Bill Courtie has used this particular way of camera work to zoom in and out the images, photographs. He used this method when one of the soldiers’ friend death. He zoomed in form groups photograph to his face. Whilst zooming, we can hear the solider is saying, “ I still see his face, I’ll never forget him.”
The voices of the actors, including Robin Williams. All these actors were perfectly matched to the pictures and footage. All points in the movie, I never can distinguish whose voice was reading the letter and was too involved to try to make a distinction. At times I caught myself thinking the actual persons who wrote the letters were reading it, which tugged at my heartstrings even more. When like PFC Raymond Griffith, who was later killed, in a letter spoke of how lucky he was to not get hurt during a firefight. For me this was the turning point of the documentary because the bodies of the American soldiers started piling up and the letters home became gruesome and lost any hope of winning the war or go home, example such as, “I hate this place” “ I’m afraid to die, the days just go, can’t sleep, dreaming to go home!” Although some of the teams has gone back to America at the end but some white and black soldiers can’t be friends no more due to the rascism.
The music also helped to convey the message throughout the documentary. The song lyrics were a reflection of the attitude and fears of the men. It included “ wipe out” by the Sufaris, “ Are you Experienced?” by Jimmy Hendrix and “ Beat goes on” the protest song. The lyrics are the speech of the soldier’s example such as “ Sometimes I feel lonely, no one cares for me.” “ Take me to an airport, put me on a plane, I got no expectation to see this place again. One was a rich man, but now I’m so poor.” From this part of lyrics, it had clearly reflected how much the soldiers want to go home. And how their lives have been affect by this meaningless war.
Bill Couturie uses sequences as well to convey this important message of this. At the beginning of the documentary, it showed Surf's up, and the Beach Boys are singing. American kids dive into the waves and come up wet and grinning, and there's a cooler of beer waiting under the palm trees, with the DJ saying” If the heat doesn’t kill you then a jammed weapon will?” which make it looks like Vietnam is going to be a fun place. The opening scenes of "Dear America: Letters Home from Vietnam" are so carefree, so light hearted, that it doesn't even seem strange that most of the soldiers look exactly like the kids they are - high school graduates drafted straight into war.

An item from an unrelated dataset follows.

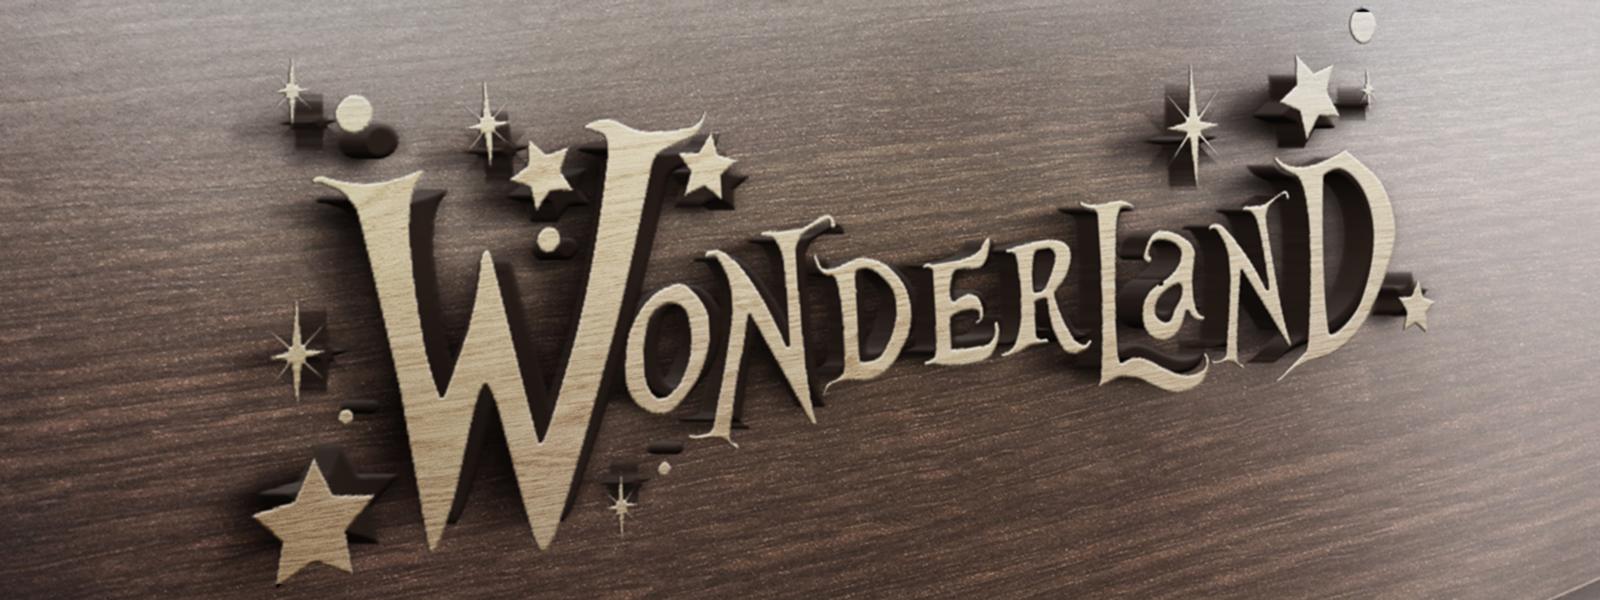 Wonderland giocattoli in legno Arezzo

On the soundtrack, we hear the voices of these soldiers, in the words they wrote home. They speak of patriotism, of confidence, of new friendships. In their letters there is a sense of wonder at this new world they have found, a world so different from the American cities and towns they left behind. And then gradually the tone of their letters begins to change.
There also another important sequence at the end of the documentary. The heartbreaking flash-forward to the Vietnam War Memorial in Washington, D.C., 15 years later, and we hear Bruce Springs teen’s "Born in the USA" as one of the actress reads from a letter that the mother of a dead veteran left at the foot of the wall of names:
Dear Bill,
Today is Feb. 13, 1984. I came to this black wall again to see and touch your name, William R. Stocks, and as I do I wonder if anyone ever stops to realize that next to your name, on this black wall, is your mother's heart. A heart broken 15 years ago today, when you lost your life in Vietnam.
They tell me the letters I write to you and leave here at this memorial are waking others up to the fact that there is still much pain left, after all these years, from the Vietnam War.
This I know. I would rather have had you for 21 years, and all the pain that goes with losing you, than never to have had you at all.
Mom
There are moments here that cannot be forgotten, and most of them are due to the hard work of the filmmaker, director Bill Couturie, who has not taken just any words and any old footage, but precisely the right words to go with the images. Couturie began with an anthology of letters written home by U.S. soldiers in Vietnam. At the end of the documentary, there is a unforgettable speech “ one thing that worries me...will people want to hear about it? Or will they want to forgot the whole thing happened?” Which also had helped to convey this special message of this documentary “ Never forget the soldiers has involved in this meaningless War.”